** INFORMATION SUPPLIED follows **

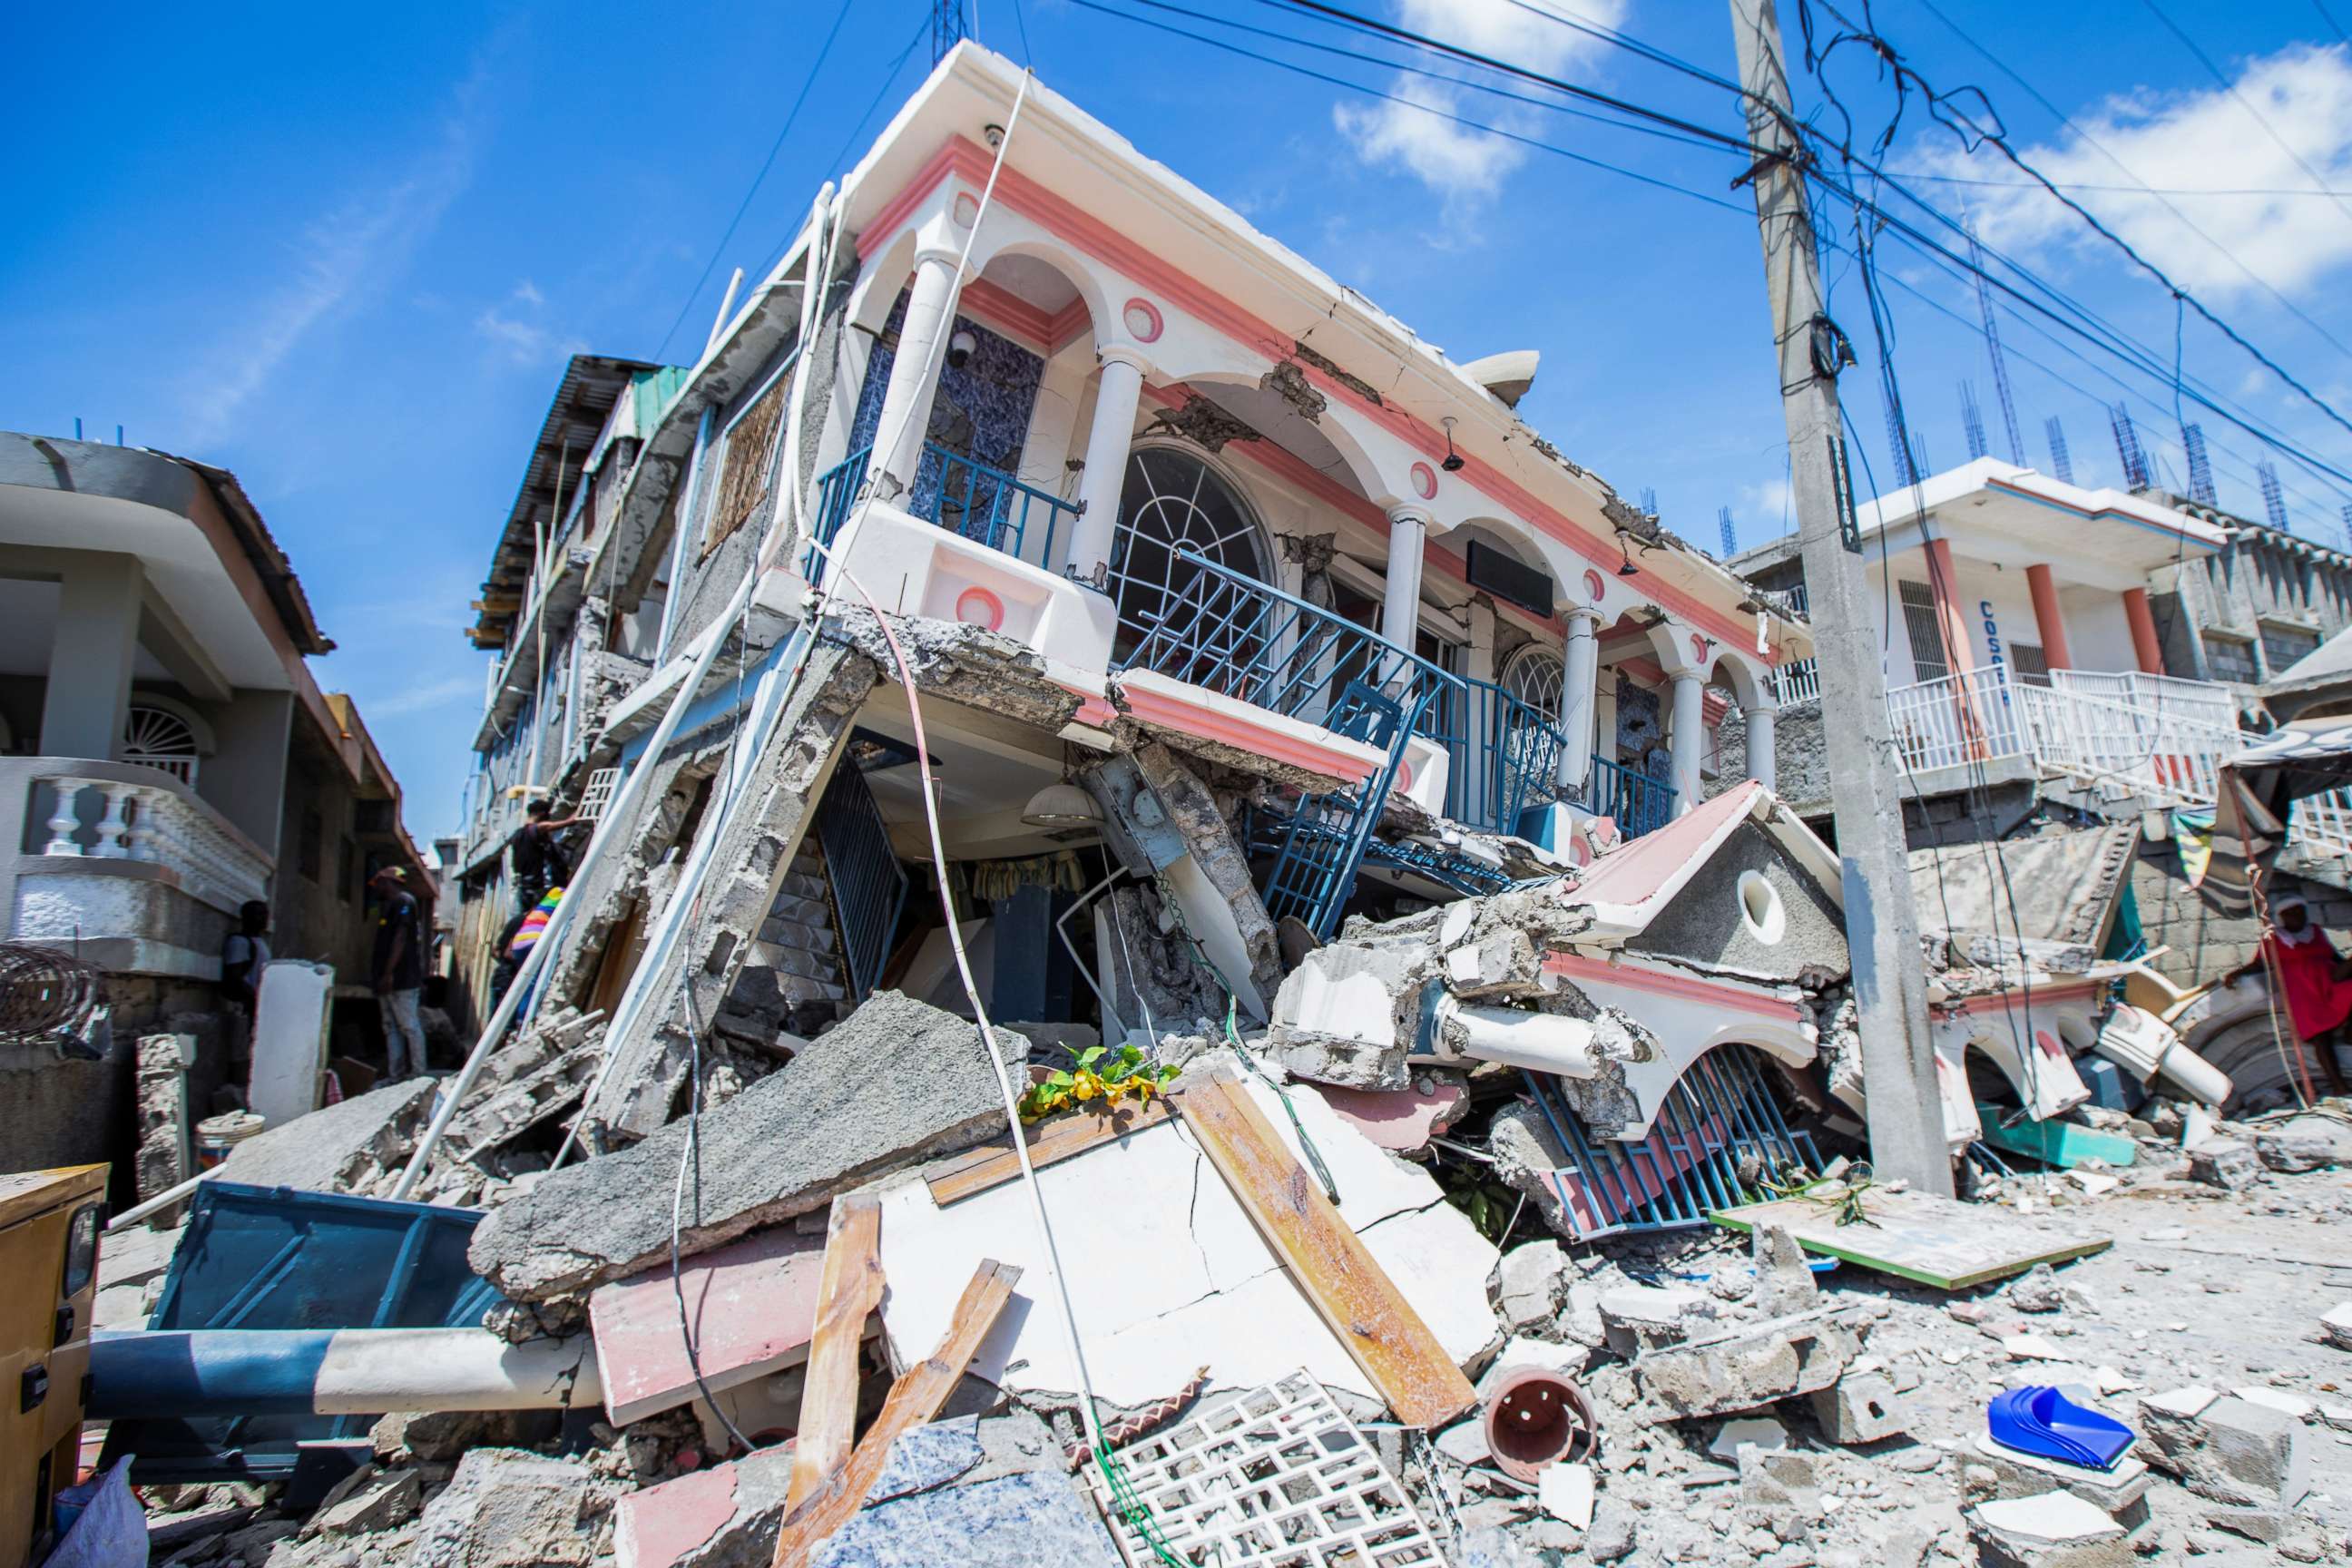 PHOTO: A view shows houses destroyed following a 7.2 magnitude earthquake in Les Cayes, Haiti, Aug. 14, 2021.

** End of INFORMATION SUPPLIED **
** INFORMATION SUPPLIED follows **

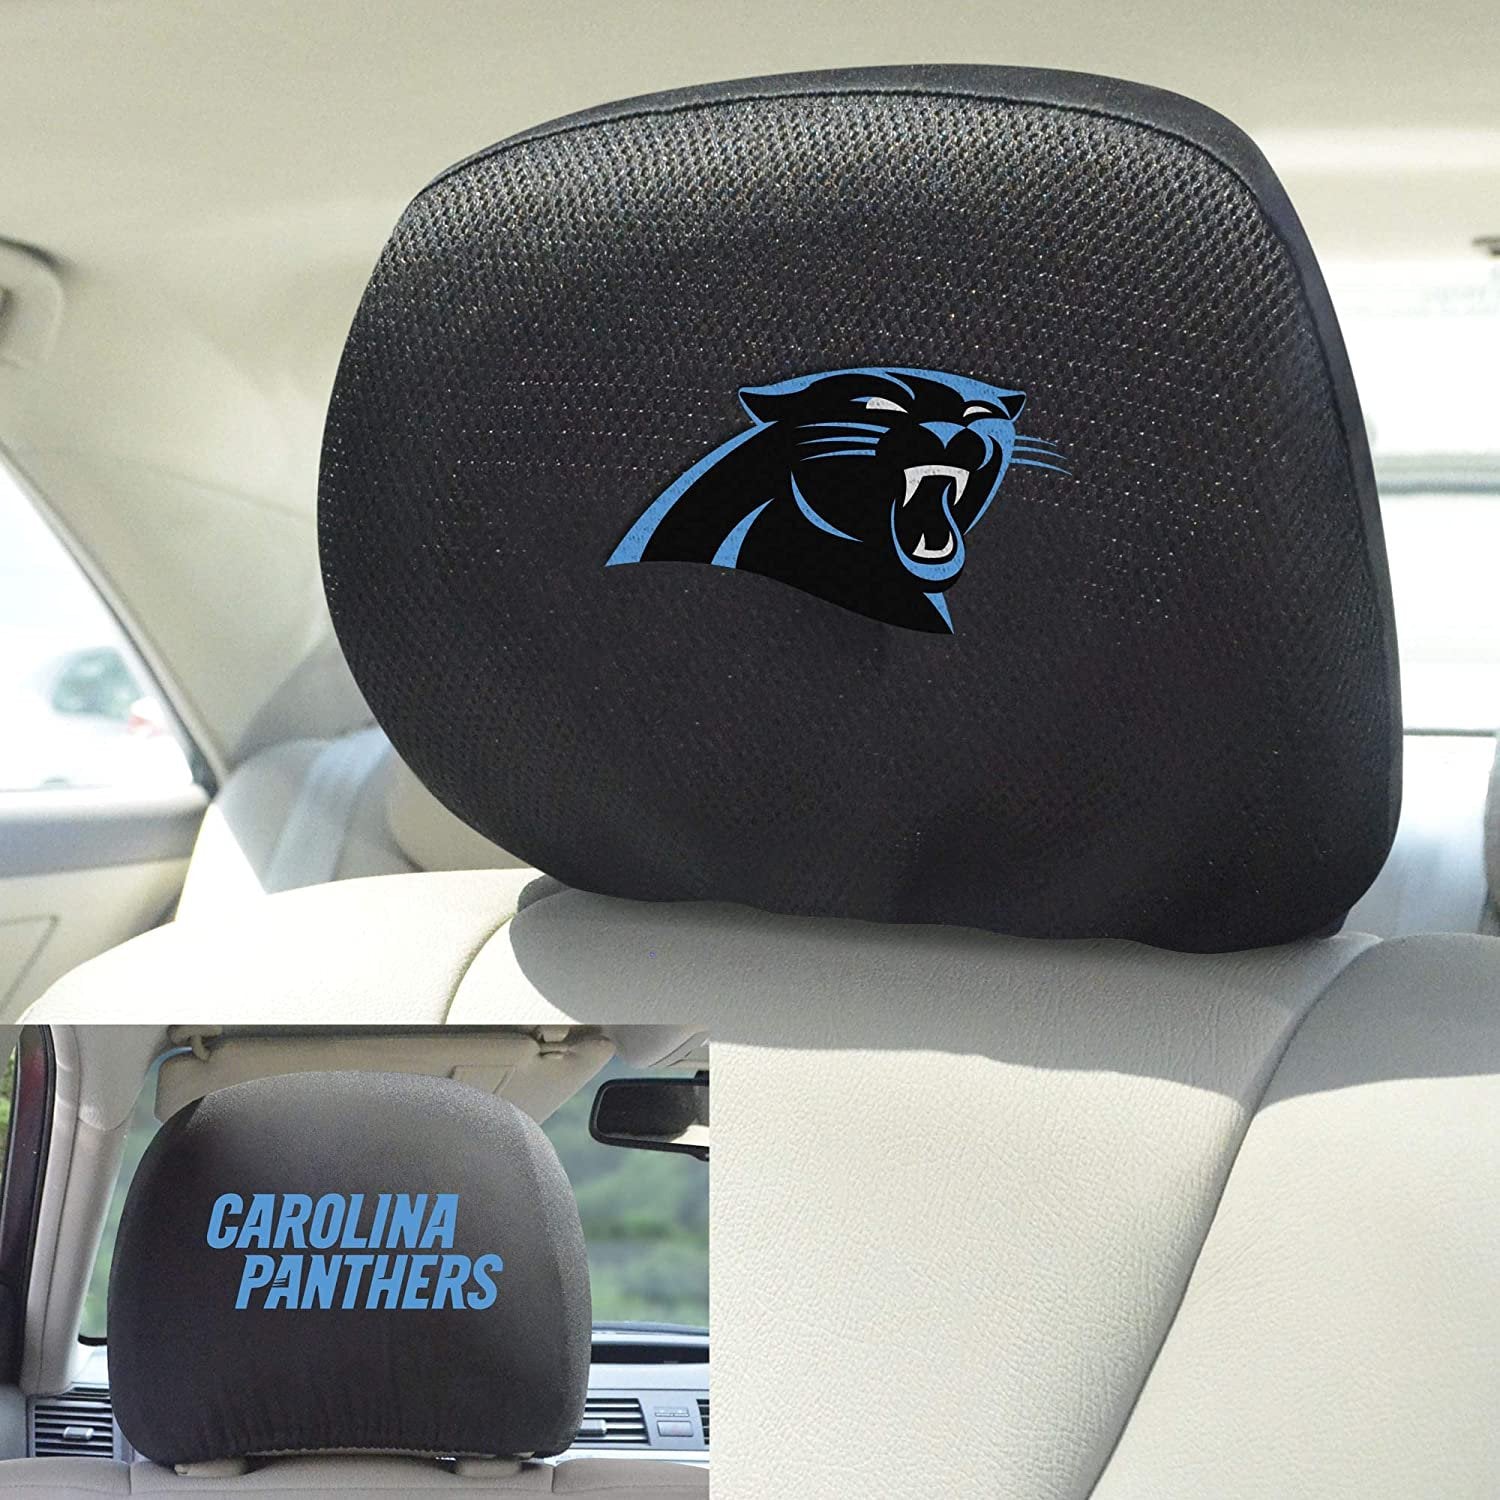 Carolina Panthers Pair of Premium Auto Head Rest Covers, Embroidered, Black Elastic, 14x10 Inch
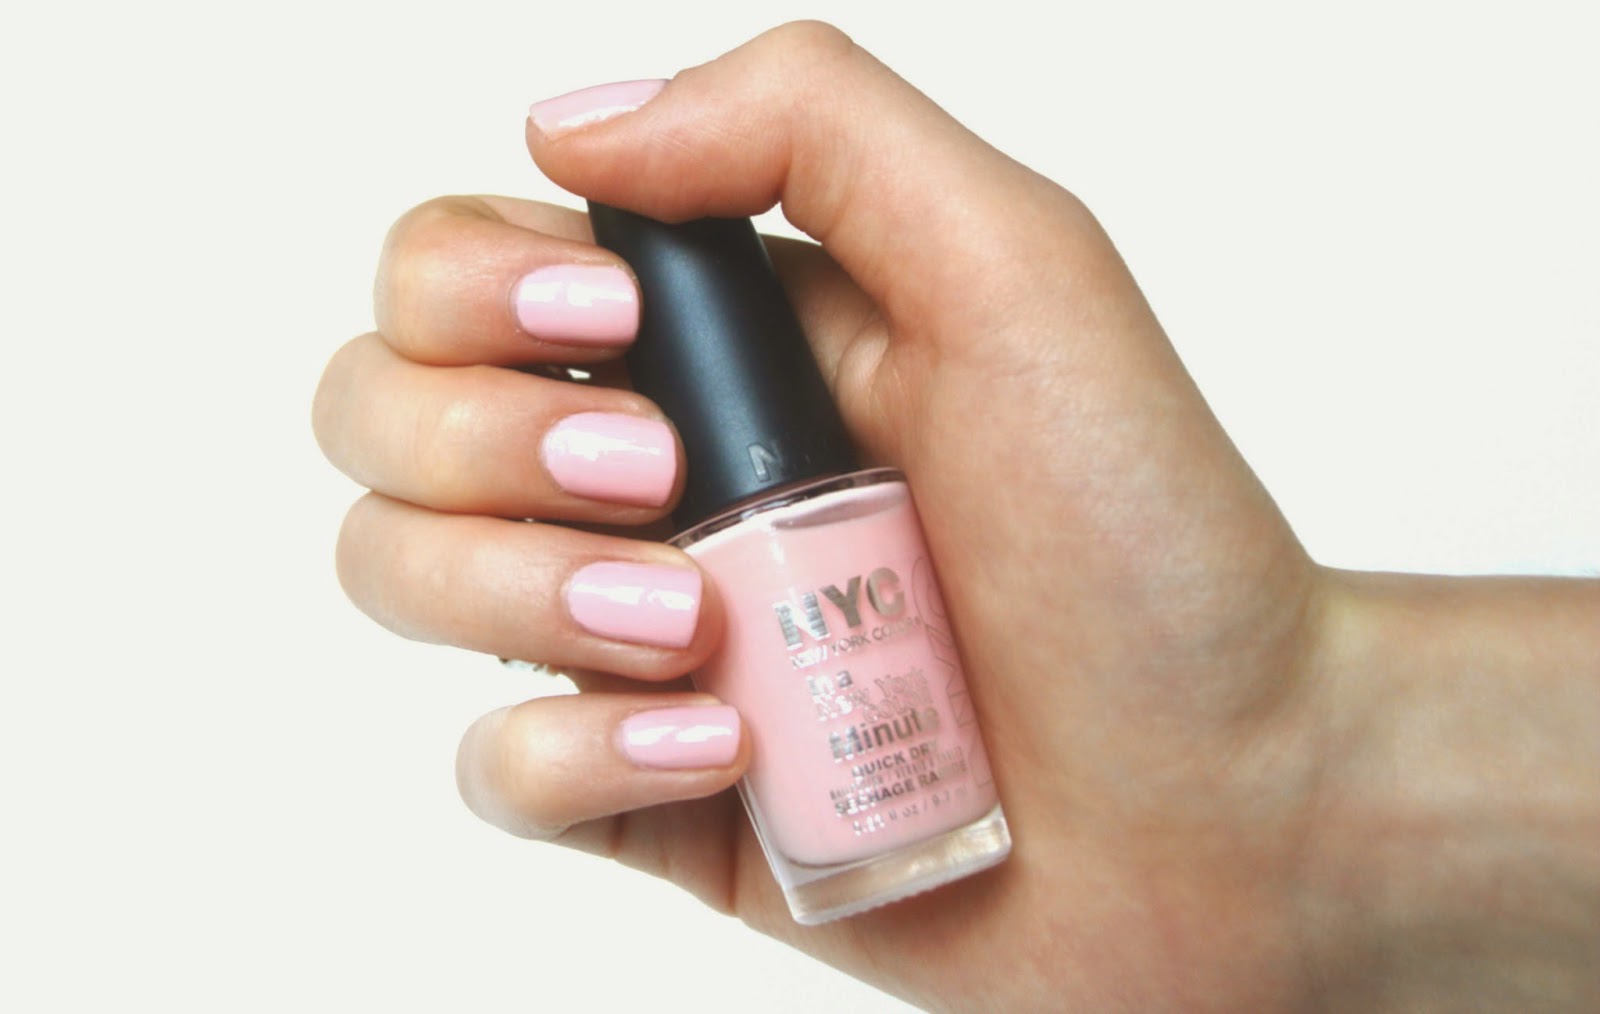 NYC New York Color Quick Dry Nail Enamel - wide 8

** End of INFORMATION SUPPLIED **

• YOUR GOAL
A clean copy is needed of the lines above from the one with "Carolina Panthers Pair" up to and including the one with "NYC New York". Please set it down exactly, with no pictures.

• EXERCISE SOLUTION
 Carolina Panthers Pair of Premium Auto Head Rest Covers, Embroidered, Black Elastic, 14x10 Inch
 NYC New York Color Quick Dry Nail Enamel - wide 8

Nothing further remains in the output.